Let’s now take a look at the spread of these polling results - remember our data points are coming from multiple survey results. We’ll do this by looking at boxplots of the same data used for the visual above, only we won’t take the average of the values for each category. This will help us get a feel for the median, IQR, and range of those in favor of stricter gun laws based on party.
support_type_unfiltered <- new_guns %>% dplyr::filter(Poll_Question == "stricter-gun-laws") %>% tidyr::gather(key = "support_classification", value = Support_Percentage, Avg_Support_Perc, Republican_Perc_Support, Democratic_Perc_Support)
ggplot(data = support_type_unfiltered) +
aes(x = support_classification, y = Support_Percentage) +
geom_boxplot() +
labs("Box Plots of Support Percentages for Increased Gun Control", x = "Support Classification", y = "Percentage of those in Support")
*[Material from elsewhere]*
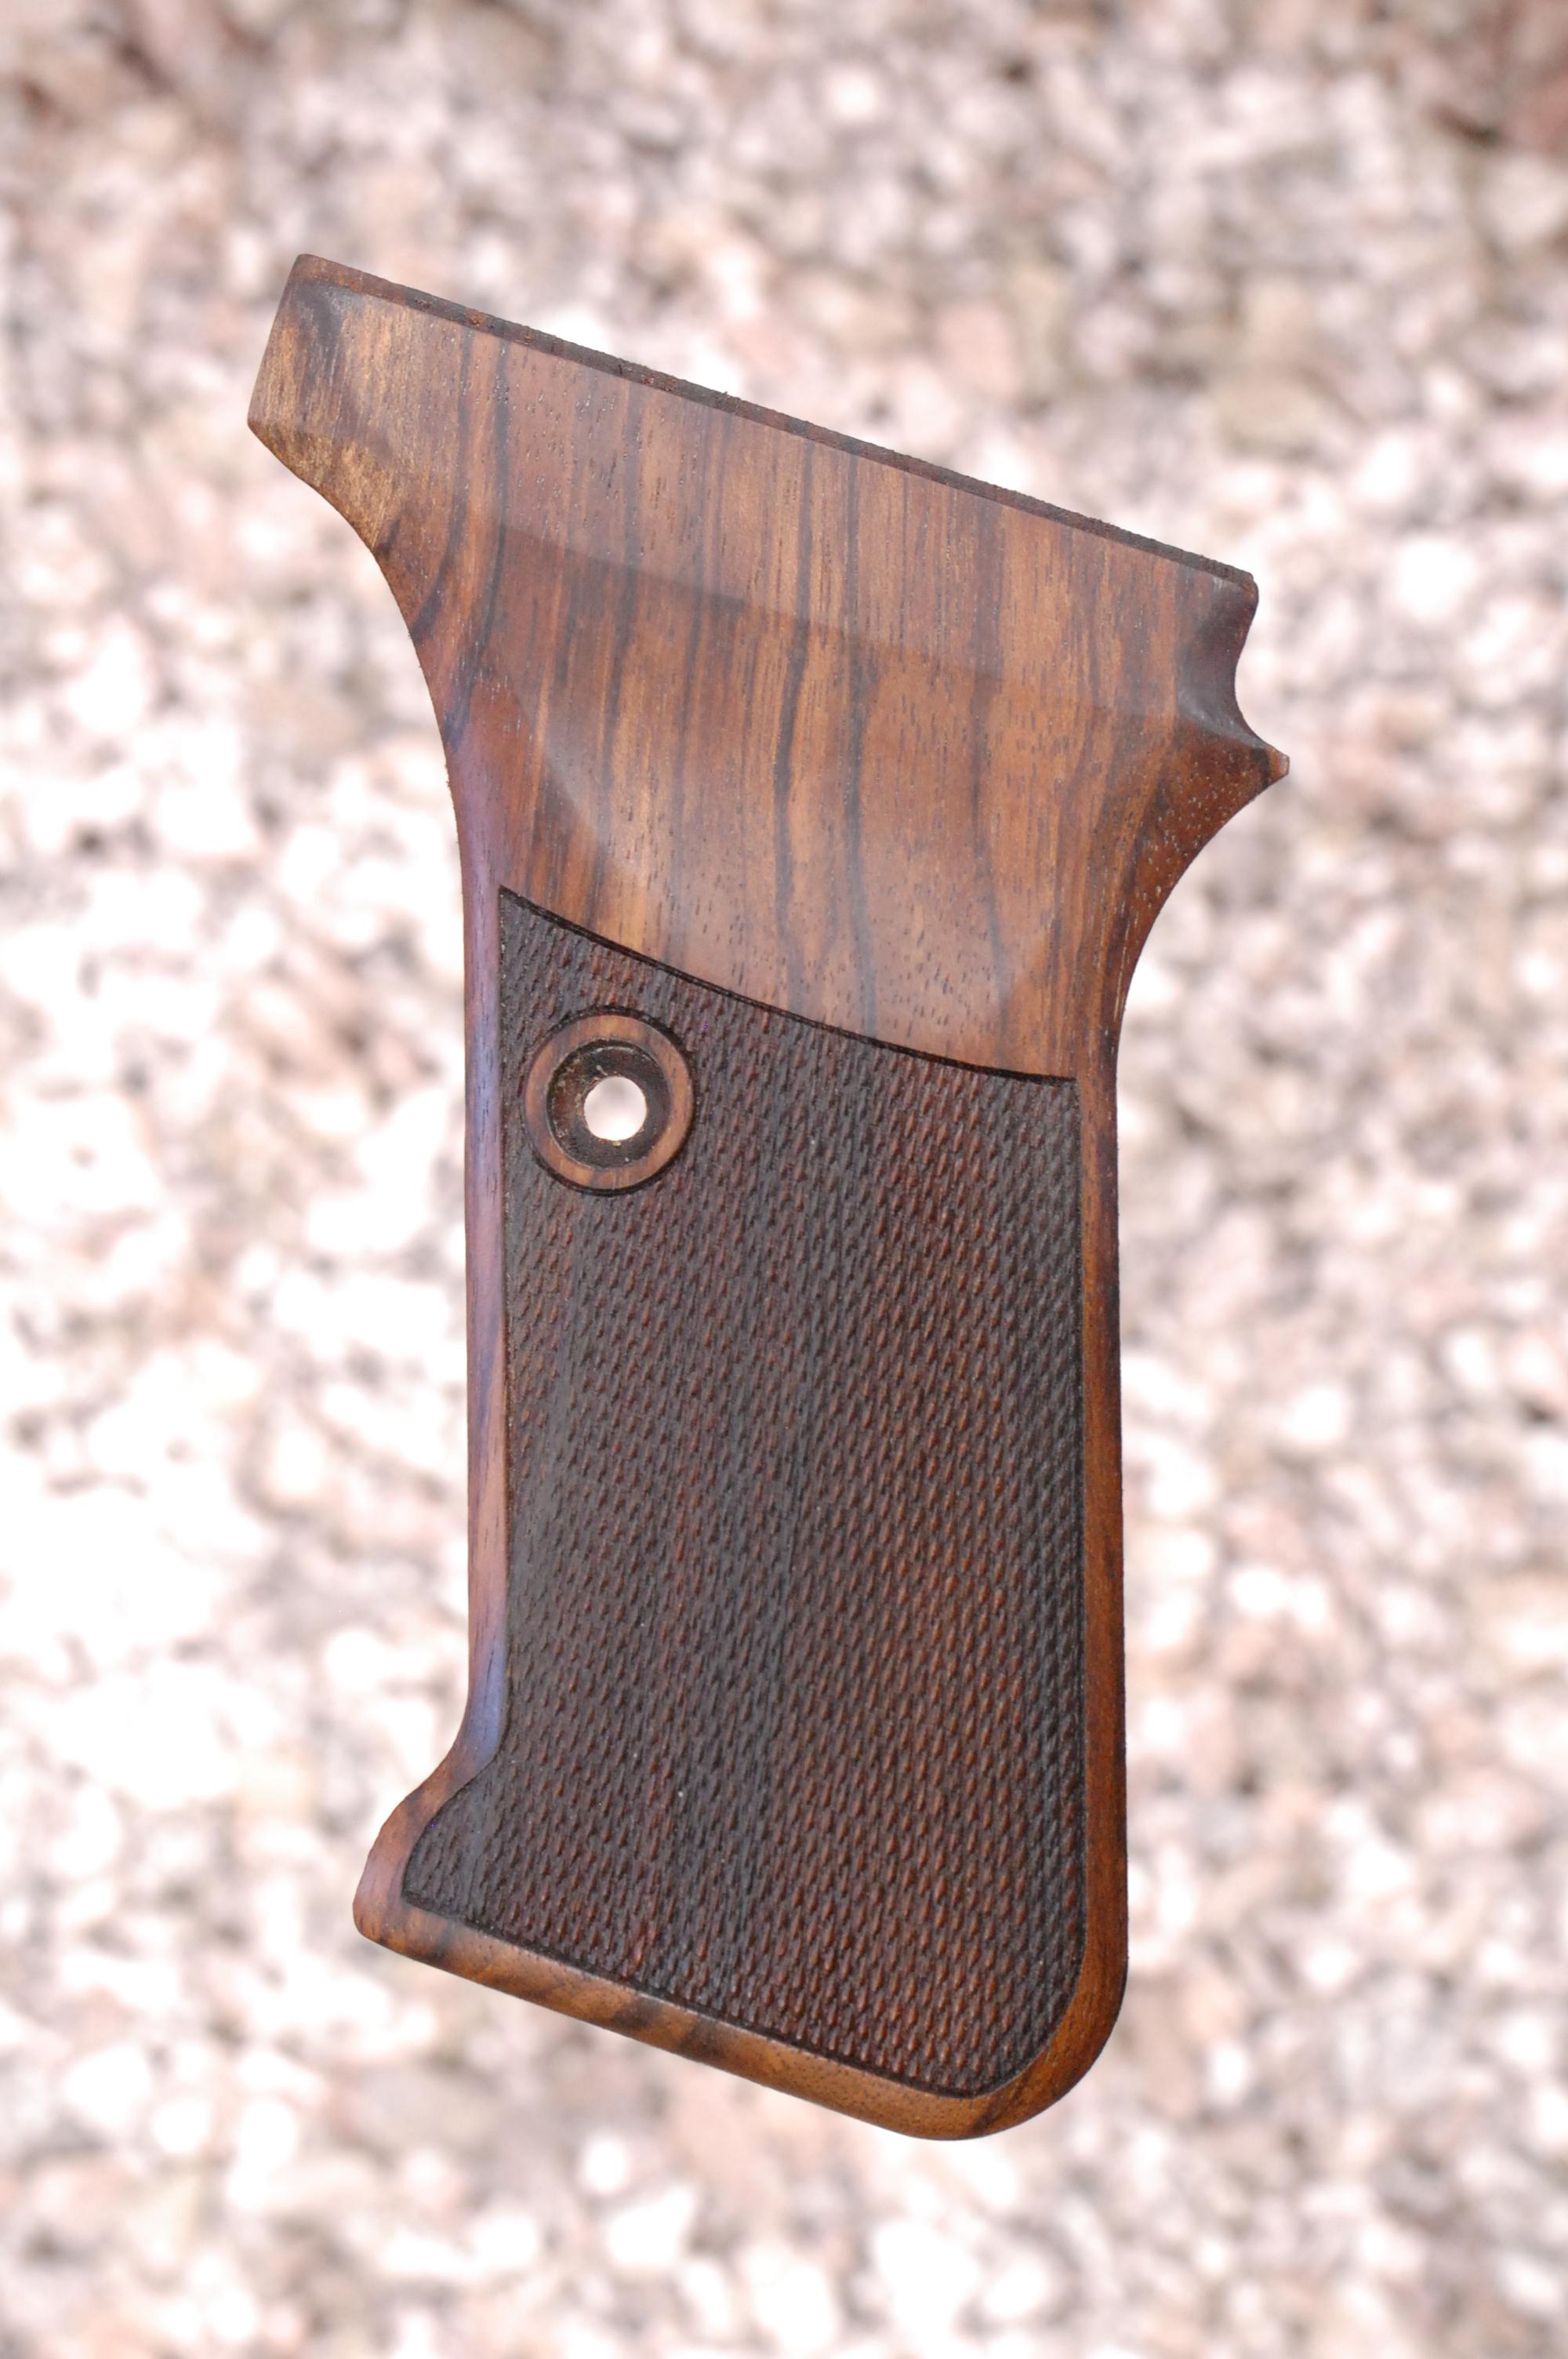 HK P7 GRIPS w/ flush mag.rel (checkered) - full size

Looking at the above boxplots, one thing sticks out prominently - the median value of the Republicans in support of stricter gun laws. This tells me that there is some significant deviation between the results of each polling agency. Does this indicate potential bias? In addition, the Democratic support percentages are so much higher than the Republican’s support percentage, that looking at an average sentiment is almost misleading (which is the way FIveThirtyEitht displays them).
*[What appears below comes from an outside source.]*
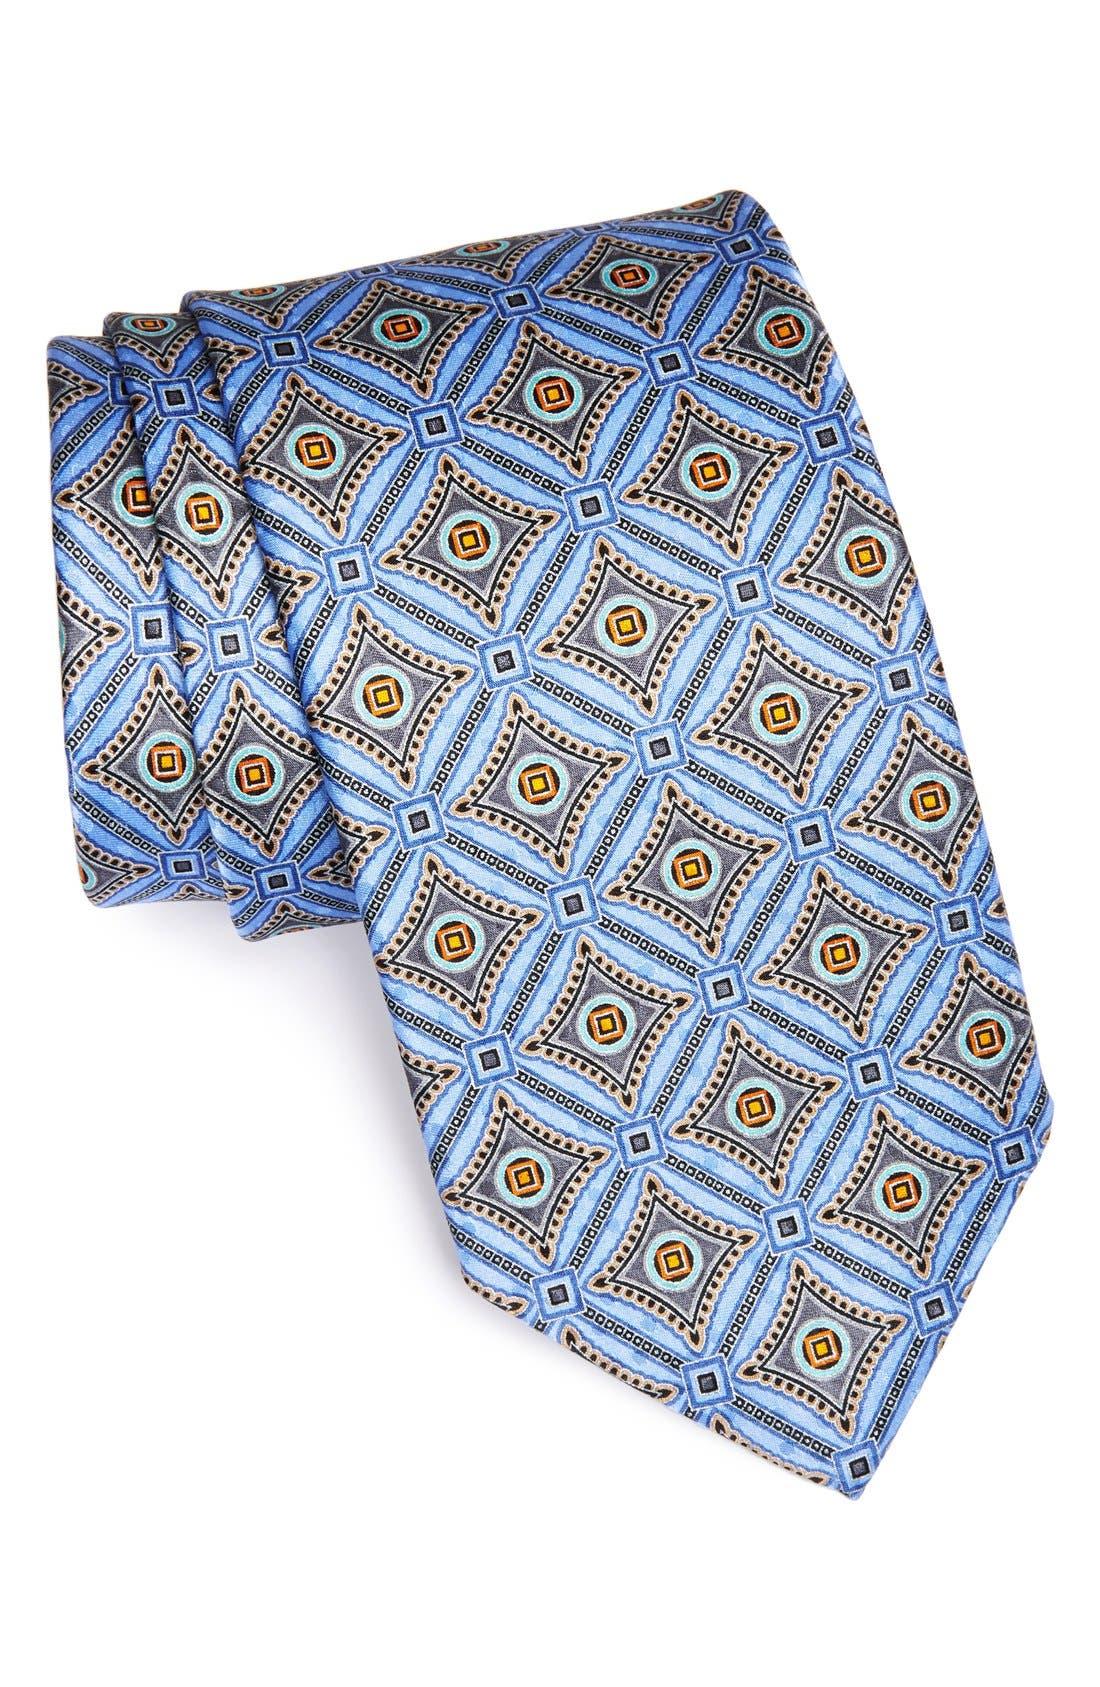 Main Image - J.Z. Richards Printed Silk Tie

Let’s now take a look at some of the responses for the other questions. For a general understanding of overall support of stricter gun laws, we’ll visualize the average support percentage. The labels on the chart below are associated with the following questions:
guns_questions <- new_guns %>%
group_by(Poll_Question) %>%
summarize(Avg_Support_Perc = round(mean(Avg_Support_Perc),2))
ggplot(data = guns_questions) +
aes(x = Poll_Question, y = Avg_Support_Perc, fill = Poll_Question) +
geom_bar(stat = "identity") +
geom_text(aes(label = Avg_Support_Perc), position=position_dodge(width=0.9), vjust=-0.25) +
theme_minimal()
The chart above indicates that America was in favor of stronger gun policies after the shooting. However, as we discovered, with the Democrat’s high percentages in favor of stricter gun laws and the Republican’s low percentages, the average may not be a good way to look at this data.
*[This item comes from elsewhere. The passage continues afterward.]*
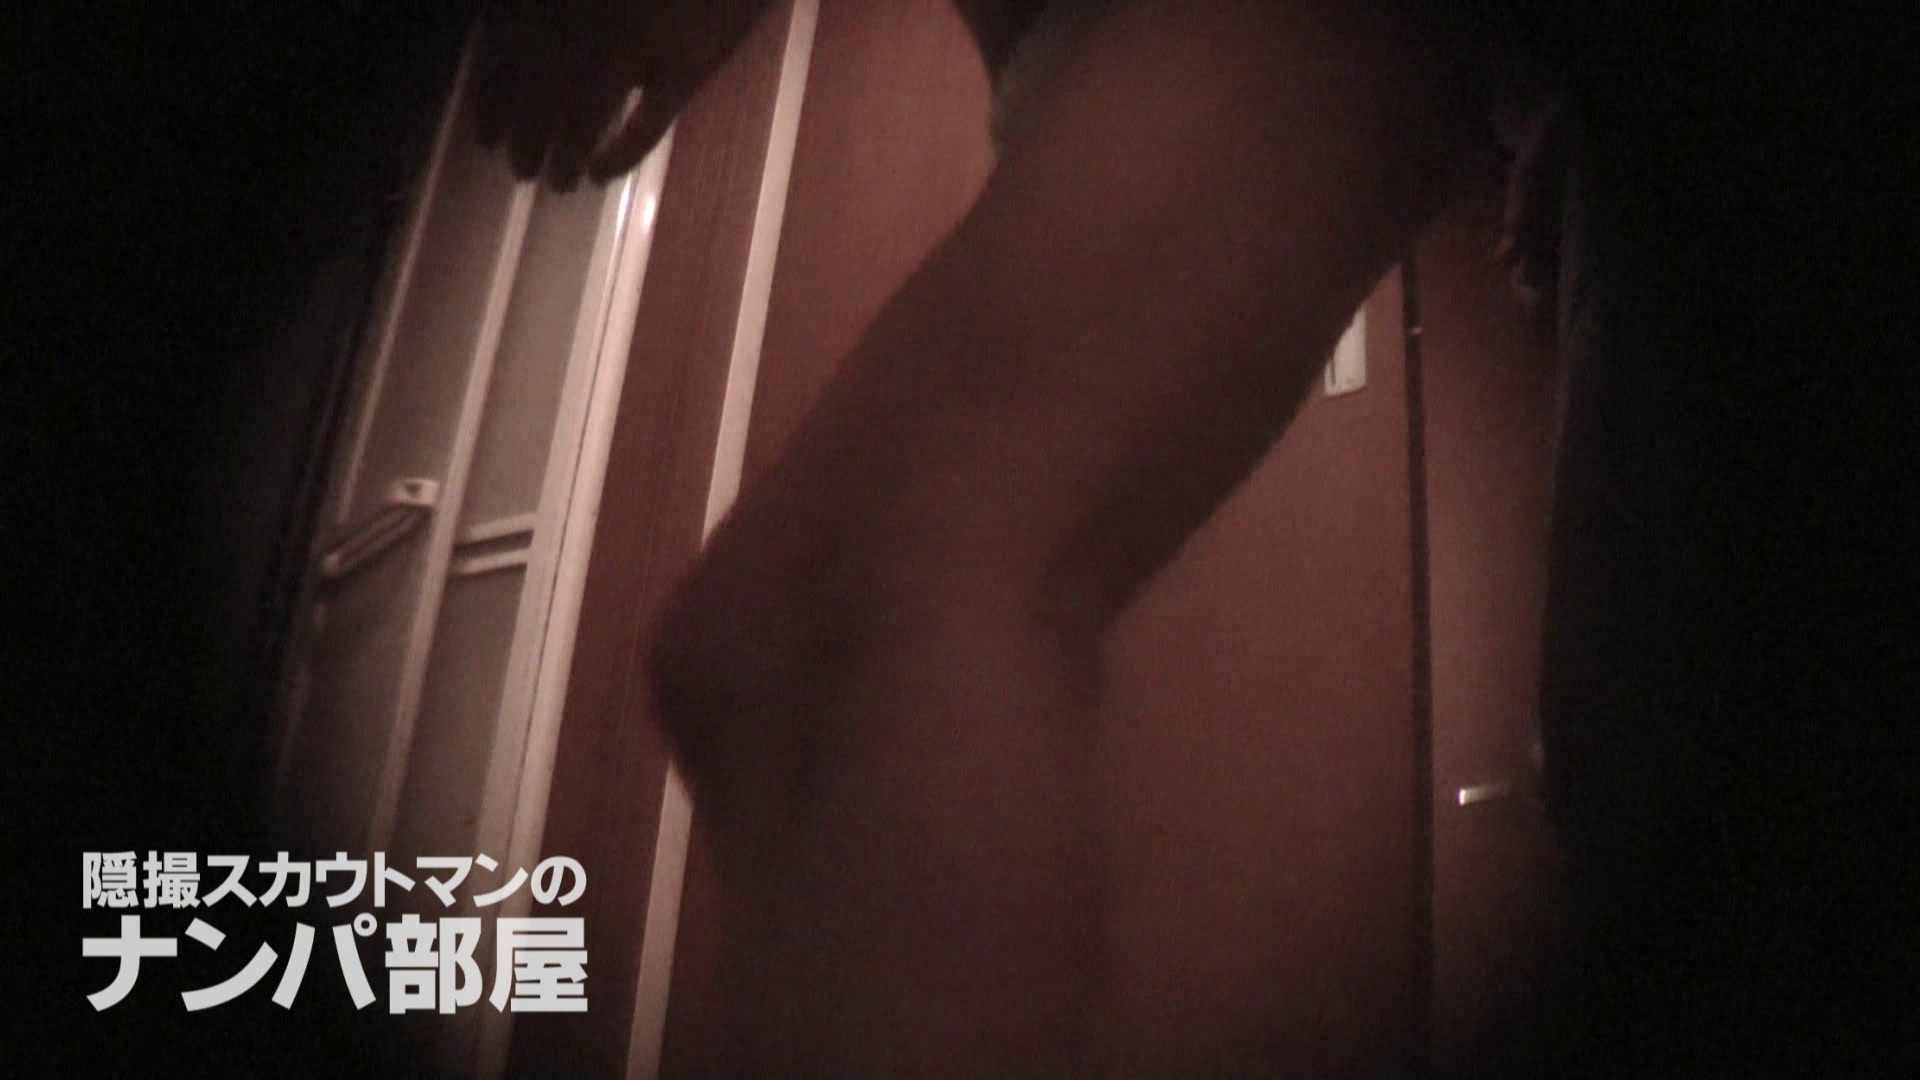 隠撮スカウトマンのナンパ部屋~風俗デビュー前のつまみ食い~ sii 隠撮  84連発 33

To extend the analysis, we would really need to look at each party individually (and perhaps even by polling agency) - and based on the polarity we saw in the boxplot, I’m not sure we’d be able to draw any strong conclusions. A better analsysis would be to look at polls on gun policy prior to the shooting and then to compare them to these polls done shortly after the shooting. Based on the results we saw here, I’d be particularly interested to see if the percent of Republican’s in favor of stricter gun laws increased after the shooting, or remained relatively stable.